Deutsche Welle reports that the migrant boat was found in distress about 40 nautical miles off Greece's Peloponnese peninsula. The migrants were taken to the Greek port of Kalamata, and the Greek Coast Guard arrested two of the boat's operators.
Meanwhile, Médecins Sans Frontières (MSF) announced on Sunday that it would resume lifesaving search and rescue operations in the Central Mediterranean, condemning what it says is criminal inaction of European governments. The return to sea comes after a sustained two-year campaign by E.U. governments to stop virtually all humanitarian action at sea, and the normalization of vindictive policies that have caused deaths at sea and suffering in conflict-ridden Libya, says MSF.
Operating in partnership with SOS MEDITERRANEE, a new ship Ocean Viking will sail to the Central Mediterranean Sea at the end of the month.
“Politicians would have you believe that the deaths of hundreds of people at sea, and the suffering of thousands of refugees and migrants trapped in Libya, are the acceptable price of attempts to control migration,” said Sam Turner, MSF Head of Mission for Search and Rescue and Libya. “The cold reality is that while they herald the end of the so-called European migration crisis, they are knowingly turning a blind eye to the humanitarian crisis these policies perpetuate in Libya and at sea. These deaths and suffering are preventable, and as long as it continues, we refuse to sit idle,” Turner said.
Fighting has raged around Libya’s capital Tripoli for over three months, displacing over 100,000 people and trapping refugees and migrants in detention centers. Exposed to the conflict, those locked up and unable to flee are fearing for their lives as successive attacks have left around 60 people dead. Humanitarian evacuations out of the country remain piecemeal and inadequate, leaving the potentially deadly crossing across the sea as one of the only possible escape routes.
European governments are violating the very legal obligations and humanitarian principles they signed up to by increasingly supporting the Libyan Coastguard to forcibly return vulnerable people back to Libya, says MSF. In some cases, they are being returned to the same detention centers where people trapped inside are shot at or subject to airstrikes, as witnessed in the most recent example of Tajoura detention center.

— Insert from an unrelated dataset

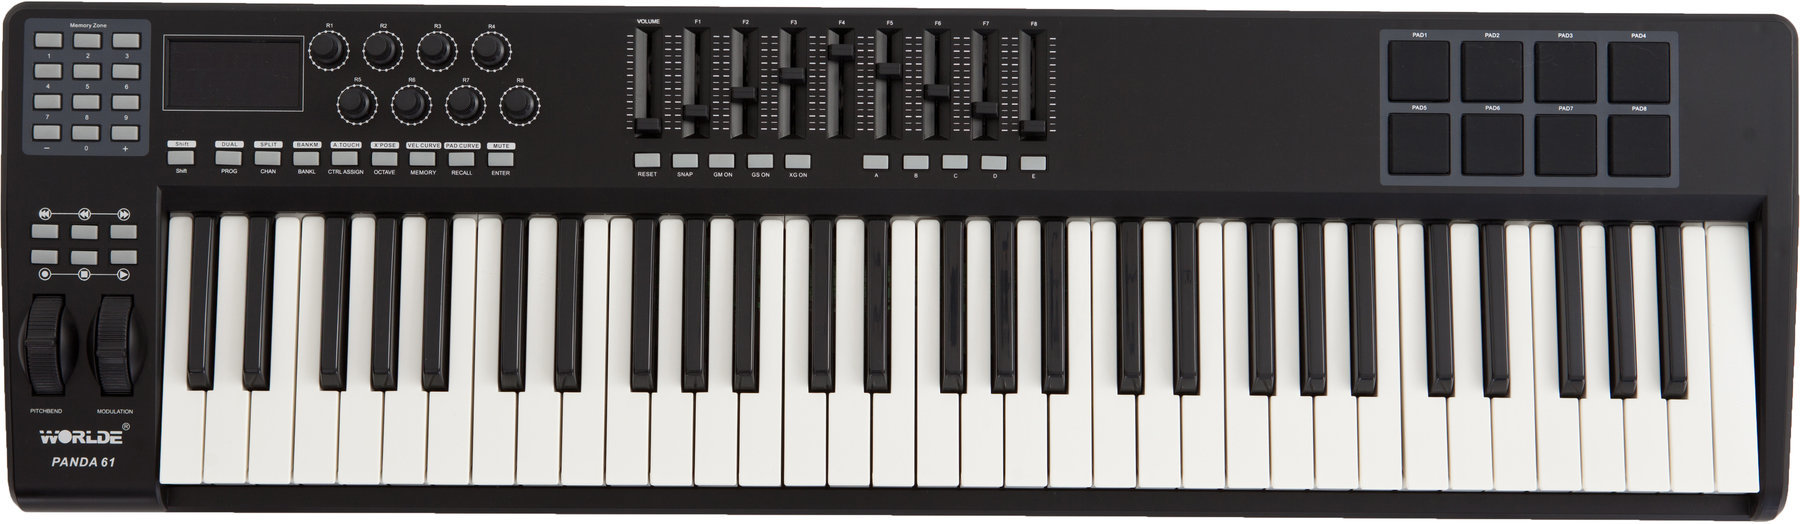 Master-Keyboard Worlde PANDA-61

Already this year, at least 426 men, women and children have died attempting the crossing, 82 of them in one shipwreck alone just over two weeks ago. Additionally, says MSF, commercial ships are in an untenable position, stuck between the duty to rescue and the risk to be stranded at sea for weeks due to the closure of Italian ports and the inability of E.U. States to agree on a disembarkation mechanism.
The International Organization for Migration (IOM) reports that 26,090 migrants and refugees have entered Europe by sea up to June 19 this year, roughly a 35 percent decrease from the 40,846 arriving during the same period last year. Arrivals to Spain and Greece account for 82 percent of all irregular arrivals this year across three Mediterranean Sea routes, with the balance arriving in much smaller proportions to Italy, Malta and Cyprus.